Arens v. United Railroads of San Francisco
Before: Richards
Synopsis
APPEAL from a judgment of the Superior Court of the City and County of San Francisco and from an order refusing a new trial. Frank J. Murasky, Judge.
The facts are stated in the opinion of the court.
RICHARDS, J.
This is an action brought to recover damages for personal injuries sustained by the plaintiff as the result of a collision between his wagon, upon which at the time the plaintiff was riding, and a street-car of the defendant being operated by its employees on Twenty-fourth Street in the city of San Francisco.
The evidence
showed
that on the eleventh day of October, 1906, about 2:30 o’clock in the afternoon, the plaintiff was
[715]
driving his one-horse wagon on Douglass Street in that city, and turned into and proceeded easterly along and down Twenty-fourth Street, which at that point has a considerable downward grade. The latter street was at that time in the course of improvement, and its sides were so torn up in preparation for bituminizing as to leave the only available place for driving the space occupied by the tracks of the defendant. When the plaintiff turned into Twenty-fourth Street he looked up the street and saw the car of the defendant which traverses that street standing at the top of the grade, which is also the terminus of the car line. According to the plaintiff’s testimony his attention was next directed to the car by his companion, and he then observed it within about forty feet of his wagon coming rapidly down the hill. There is a conflict in the evidence as to whether any bell was rung or other signal given before the plaintiff thus observed the car, both the plaintiff and his companion asserting that they heard- no such signal, while the employees in charge of the ear asseverate that the usual signal was rung all the way down the hill. The plaintiff, upon discovering the approaching car, undertook to turn out sufficiently to permit it to pass, but failed or was unable to do so in time, and his wagon being struck by the car he was thrown out and injured.

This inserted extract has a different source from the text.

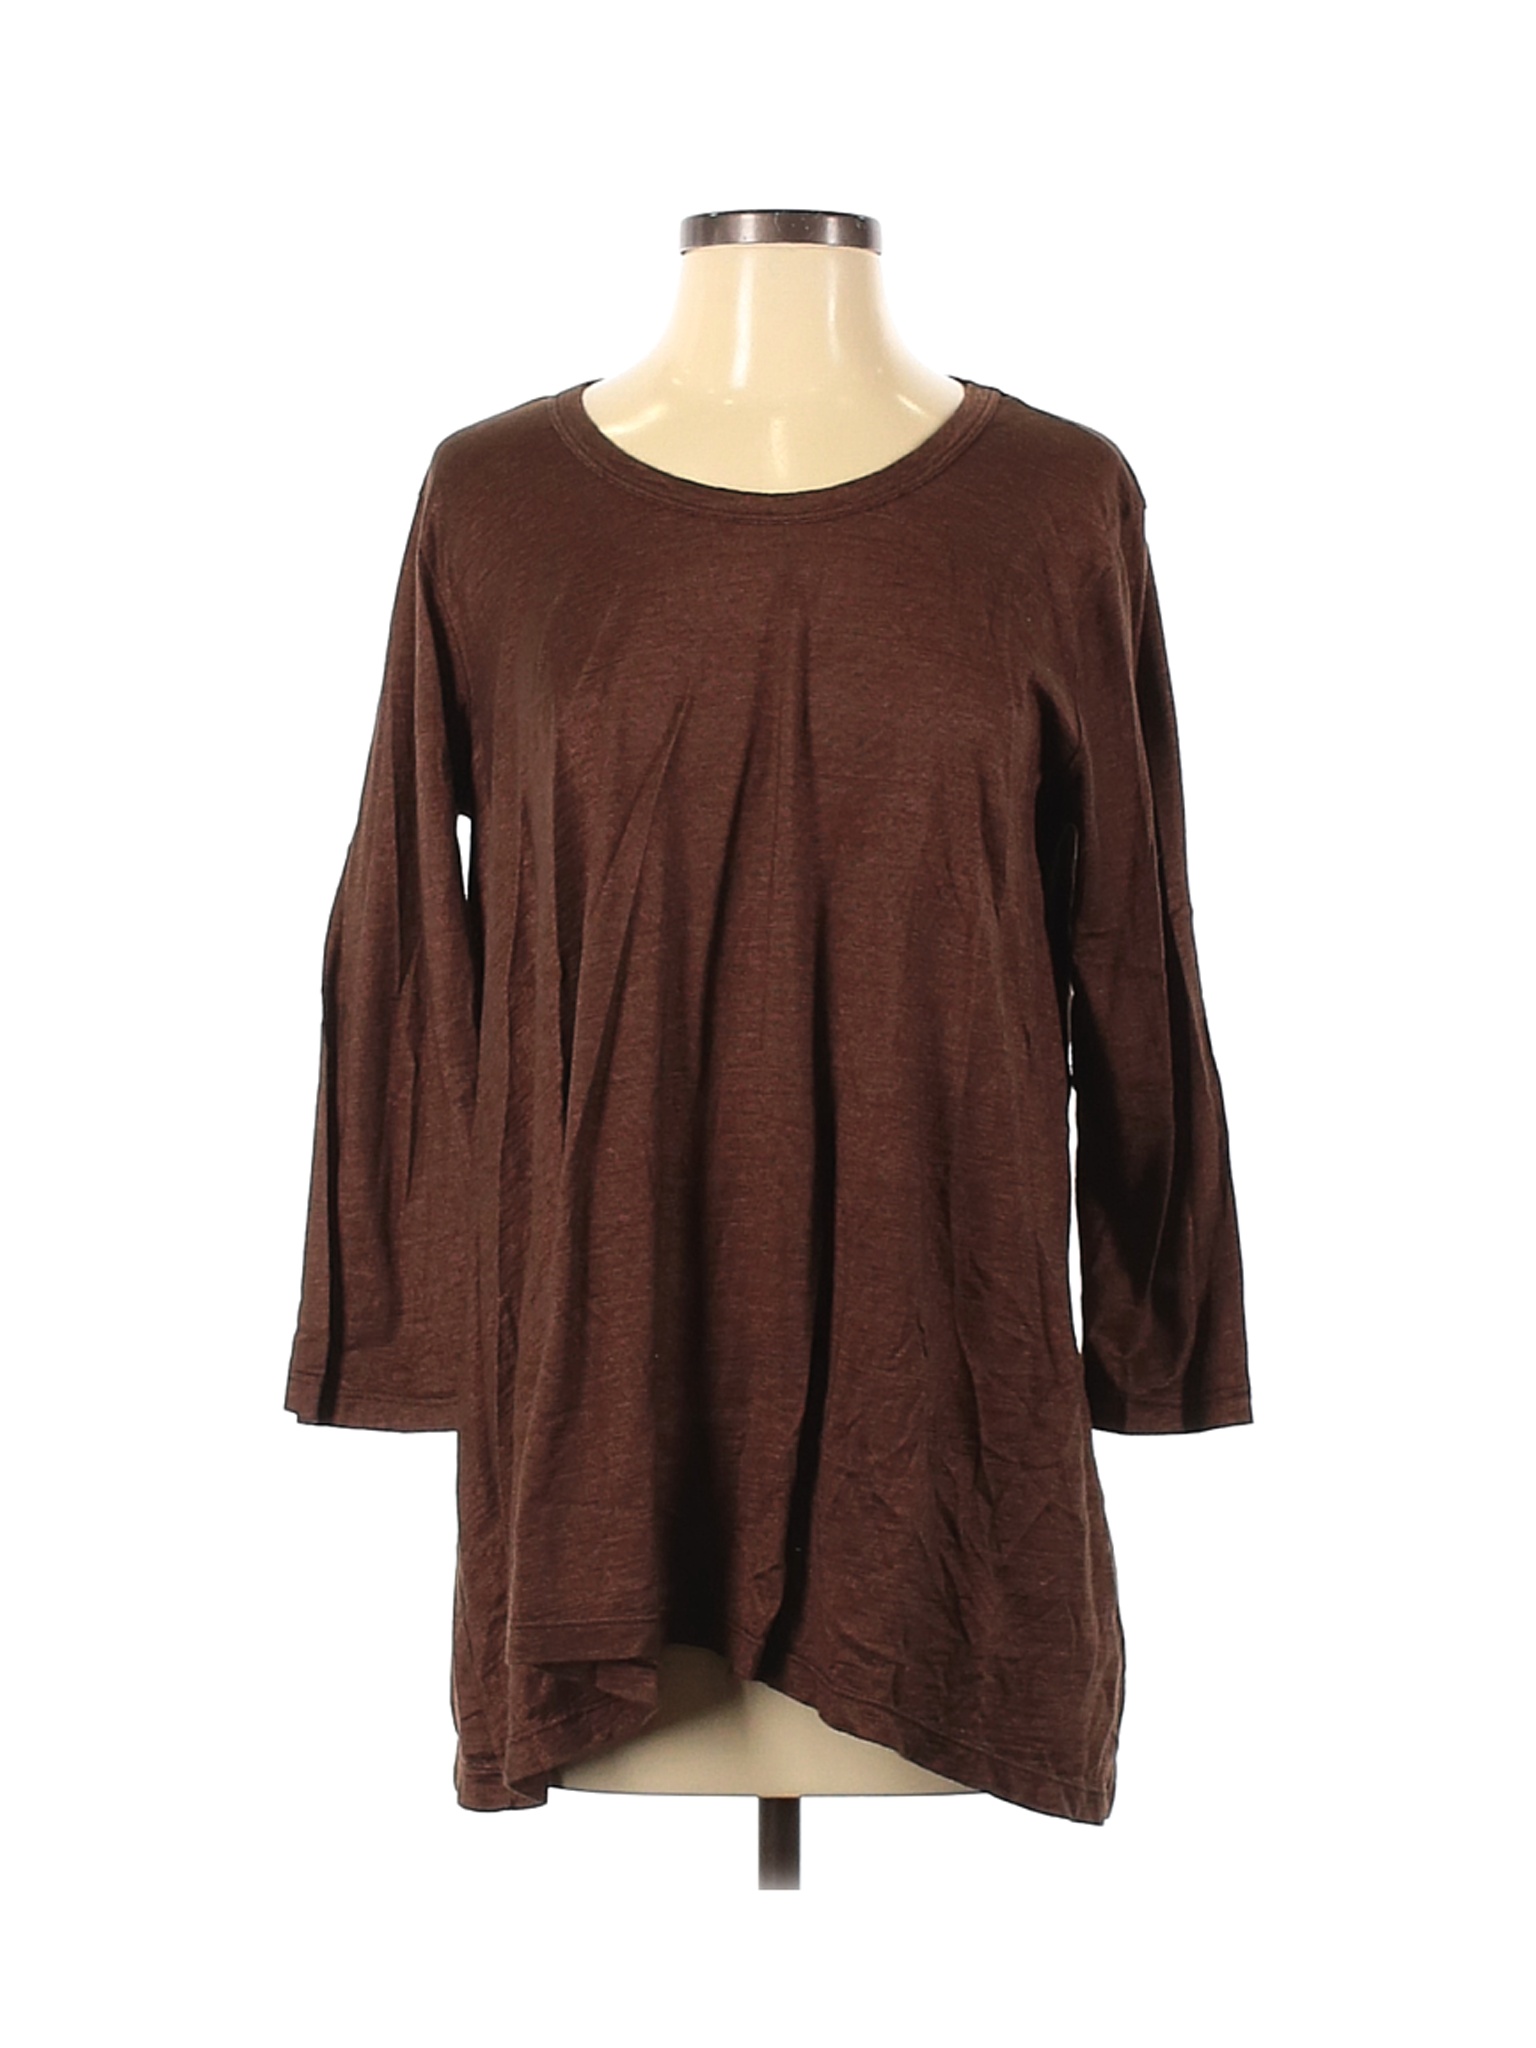 Prairie Cotton Women Brown Short Sleeve Top S | eBay

Upon the trial of the case before the court without a jury the court found that the defendant was guilty of negligence in the respects averred in the complaint, and that the plaintiff was not guilty of contributory negligence, and it thereupon rendered judgment in favor of the plaintiff for the sum of two thousand dollars, from which judgment and from the order of the court denying a new trial the defendant appeals.